Lulu marks the points (9,2) and (3,6) on the coordinate plane. What is the distance between these two points, rounded to the nearest tenth of a unit?

1 answer

To find the distance between the points \((9, 2)\) and \((3, 6)\) in the coordinate plane, we can use the distance formula:

\[ d = \sqrt{(x_2 - x_1)^2 + (y_2 - y_1)^2} \]

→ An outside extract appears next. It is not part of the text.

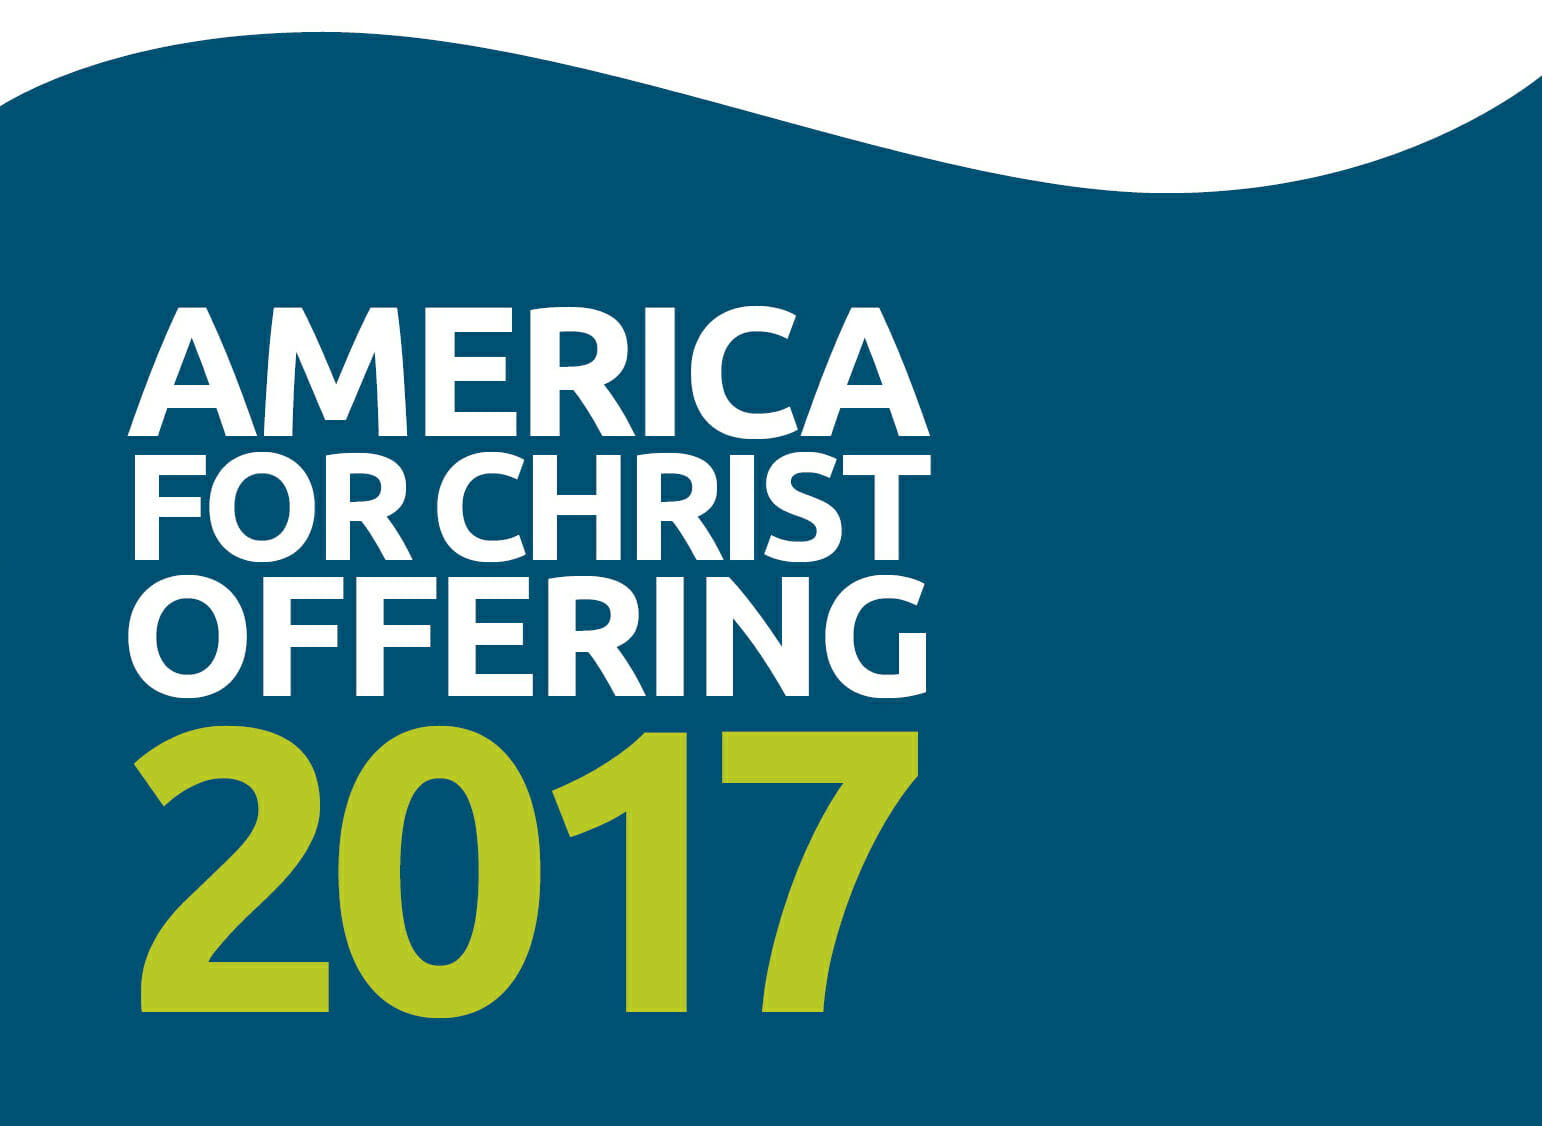 America for Christ 2017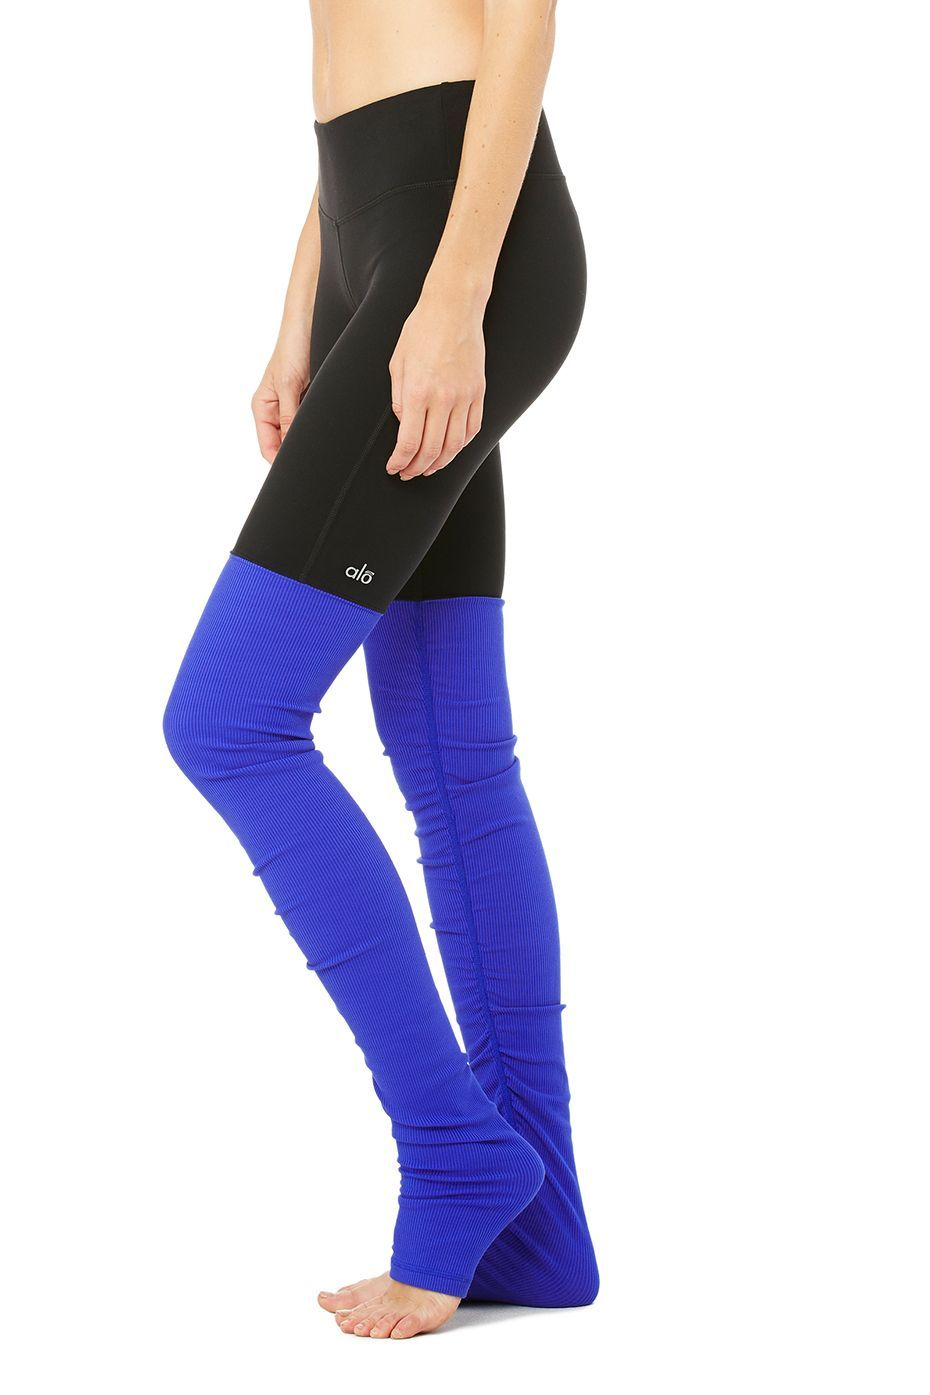 "Goddess Legging - Black/Deep Electric Blue - Sale Bottoms - <span class=""text-danger"">Sale</span> at ALO Yoga"

In this case, we can assign:

  • \((x_1, y_1) = (9, 2)\)
  • \((x_2, y_2) = (3, 6)\)

Now, we substitute these coordinates into the formula:

\[ d = \sqrt{(3 - 9)^2 + (6 - 2)^2} \] \[ = \sqrt{(-6)^2 + (4)^2} \] \[ = \sqrt{36 + 16} \] \[ = \sqrt{52} \]

Next, we simplify \(\sqrt{52}\):

\[ \sqrt{52} = \sqrt{4 \times 13} = 2\sqrt{13} \]

Now we need to find the approximate value of \(\sqrt{13}\). Using a calculator, we find that:

\[ \sqrt{13} \approx 3.60555 \]

So,

\[ 2\sqrt{13} \approx 2 \times 3.60555 \approx 7.2111 \]

Finally, rounding to the nearest tenth:

\[ 7.2111 \approx 7.2 \]

Thus, the distance between the points \((9, 2)\) and \((3, 6)\) is approximately \(\boxed{7.2}\) units.